Leave out the pictures, and retype the remaining data exactly.

## Dataset section
_ _ _ _
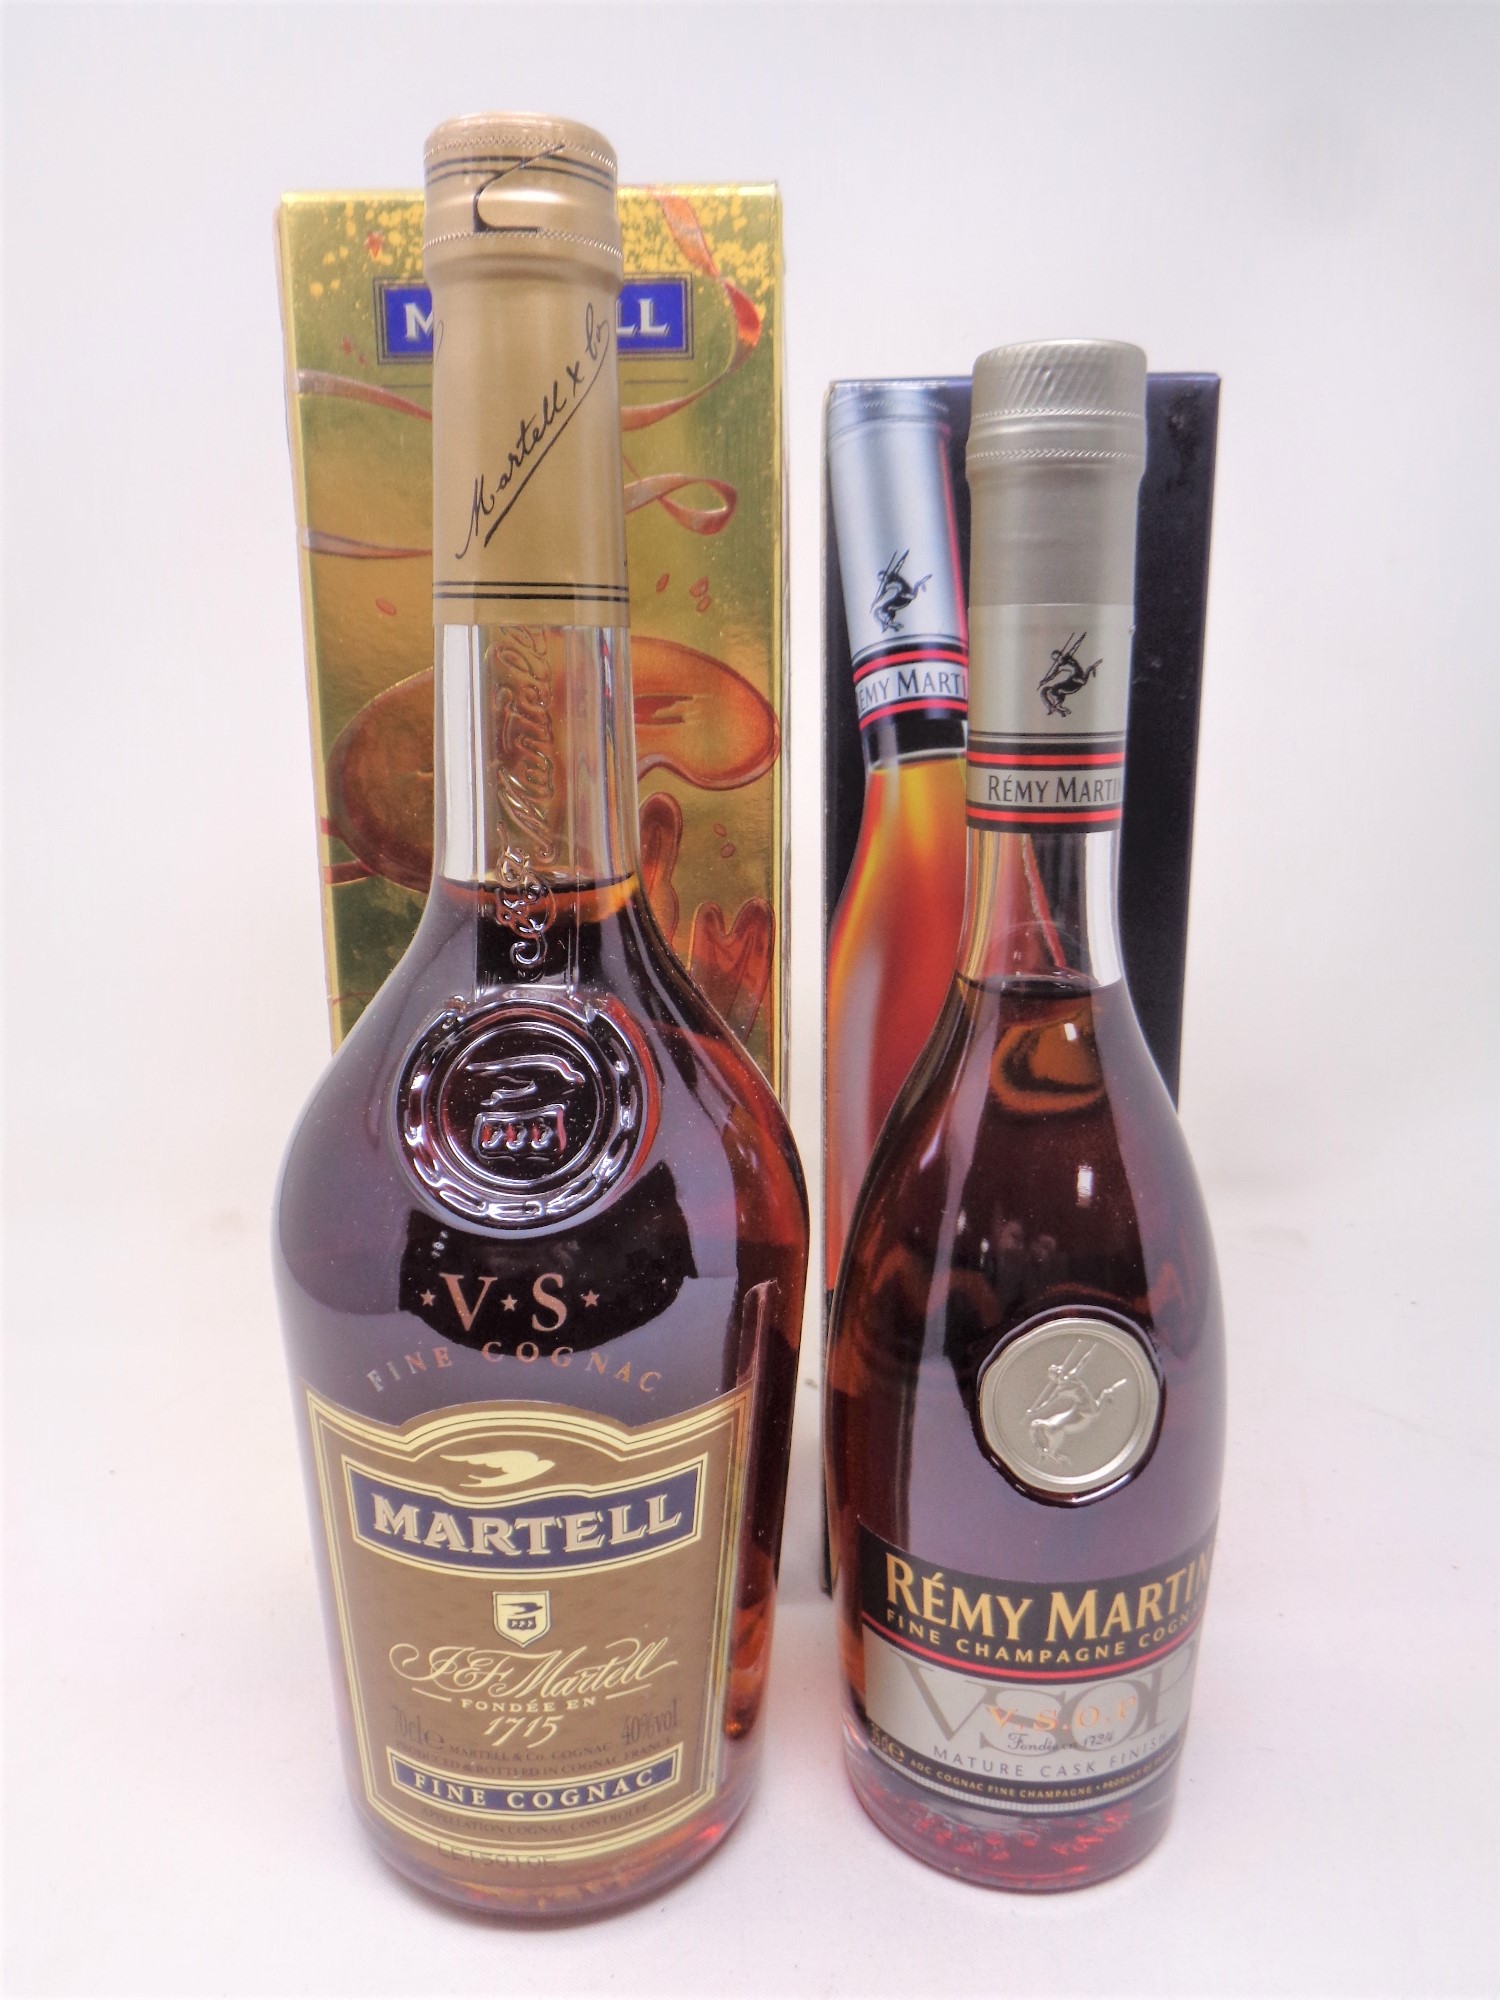 A boxed bottle of Remy Martin mature cask finish fine champagne cognac (35cl) together with a
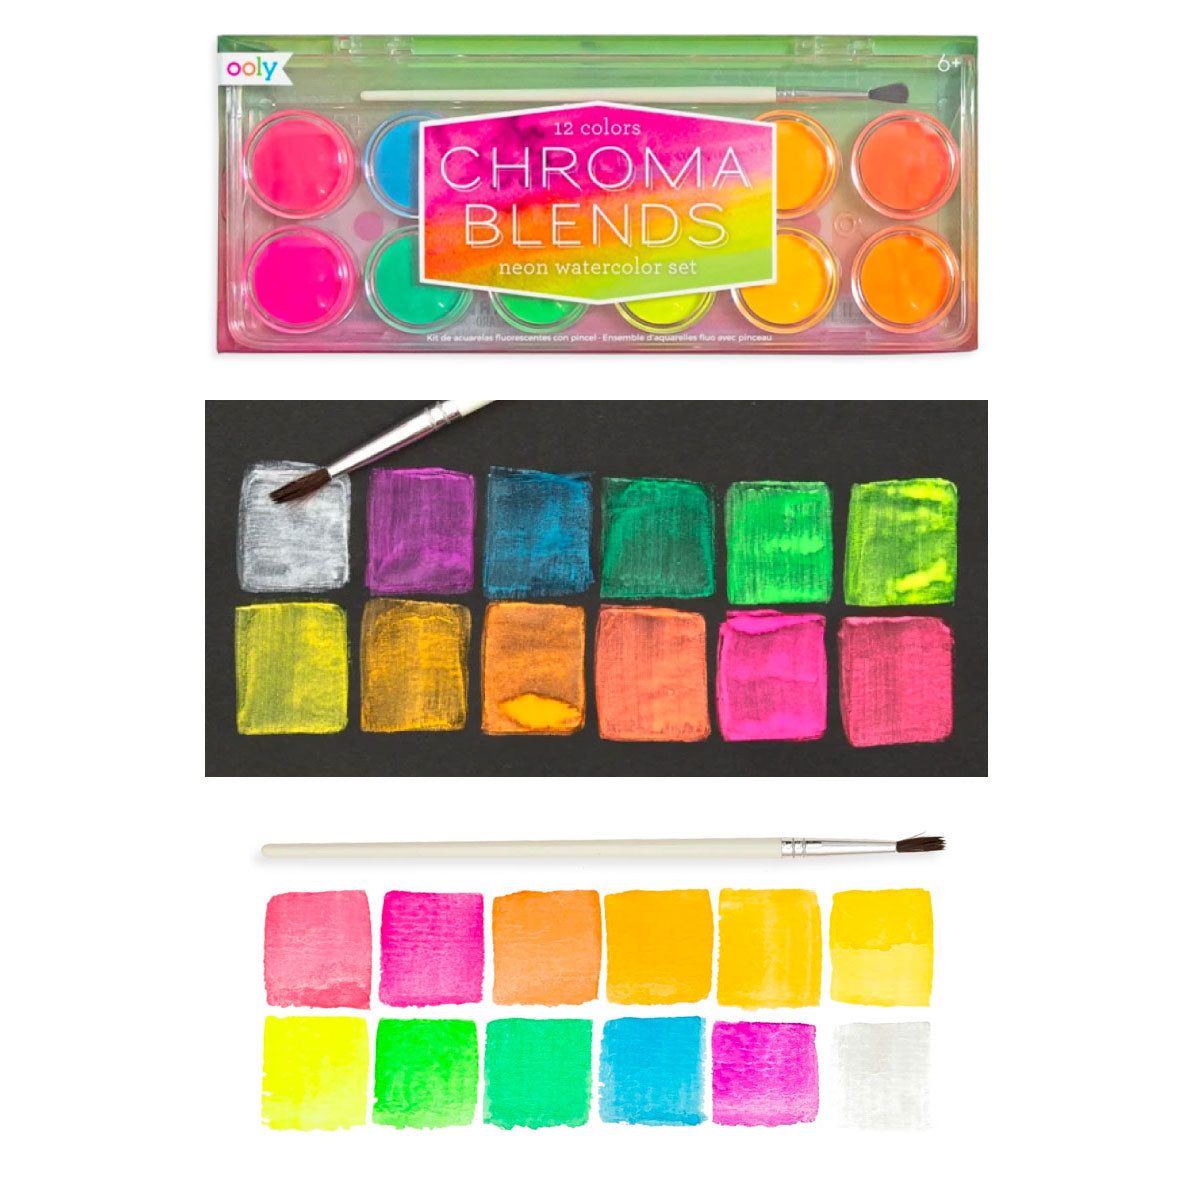 Chroma Blends Neon Watercolor Paints from Ooly
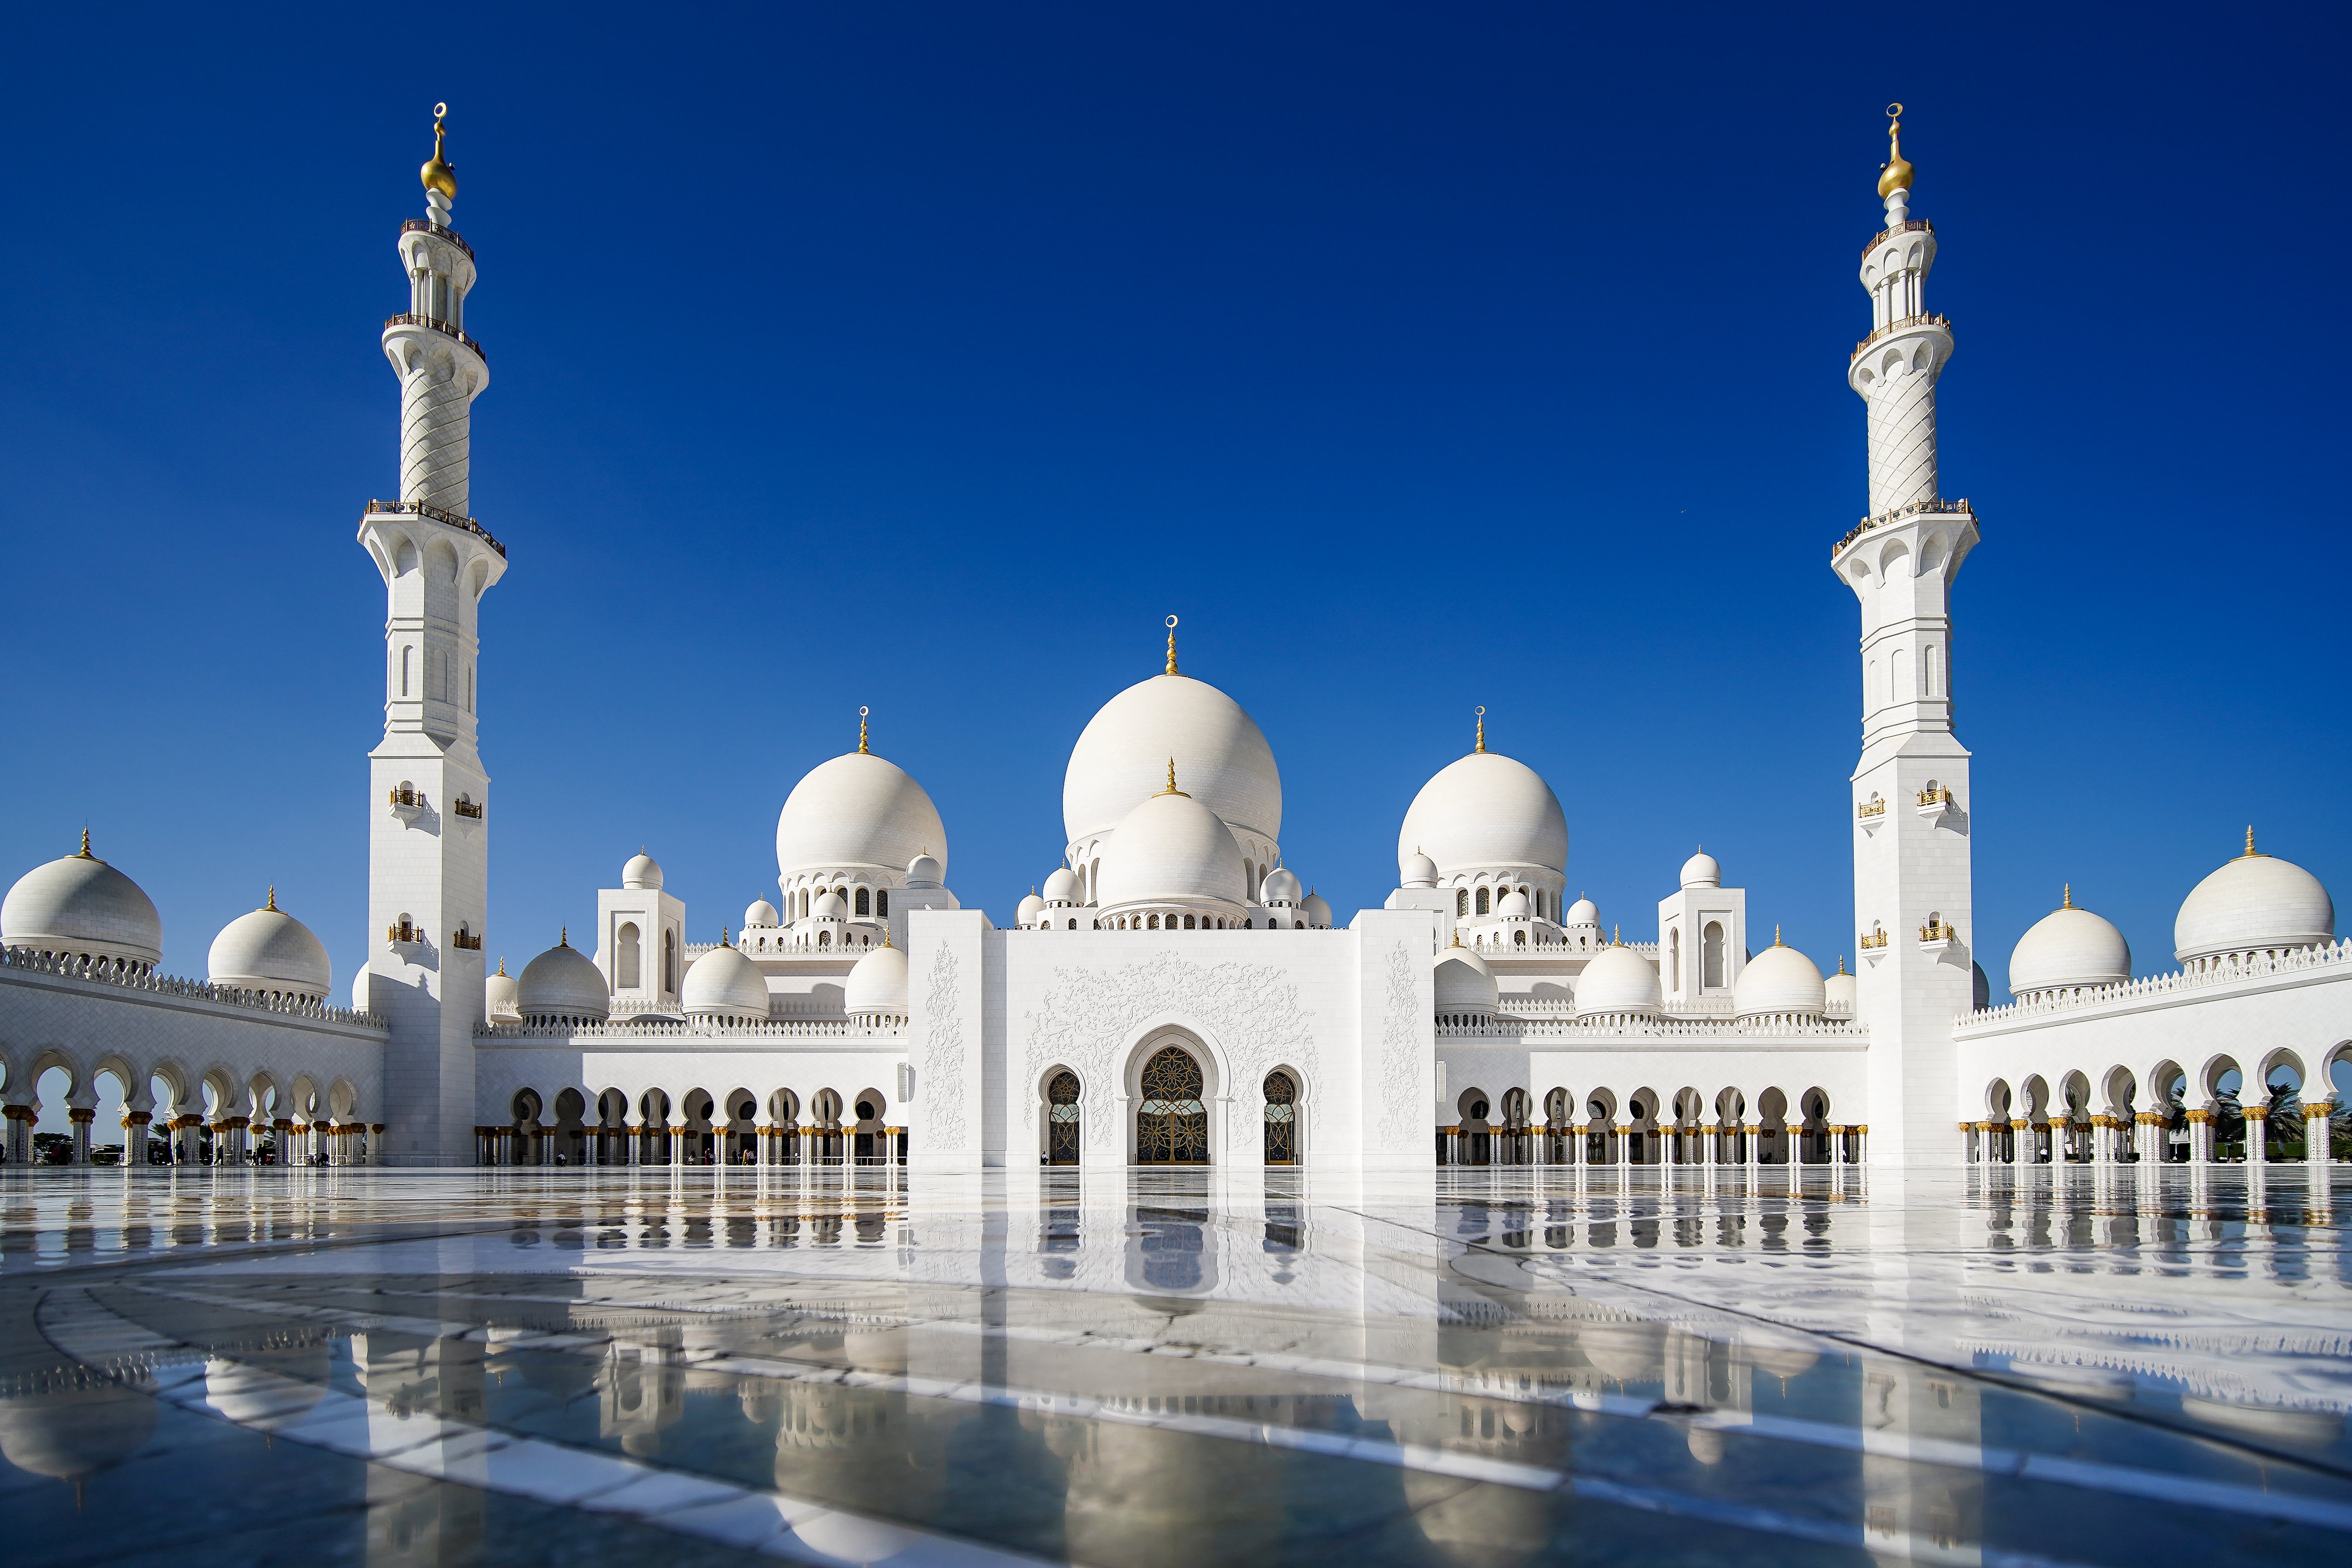 mosque, religious, sheikh zayed grand mosque, abu dhabi, architecture, reflection, sky, united arab emirates, mosques images
_ _ _ _
## Written reply
 A boxed bottle of Remy Martin mature cask finish fine champagne cognac (35cl) together with a
 Chroma Blends Neon Watercolor Paints from Ooly
 mosque, religious, sheikh zayed grand mosque, abu dhabi, architecture, reflection, sky, united arab emirates, mosques images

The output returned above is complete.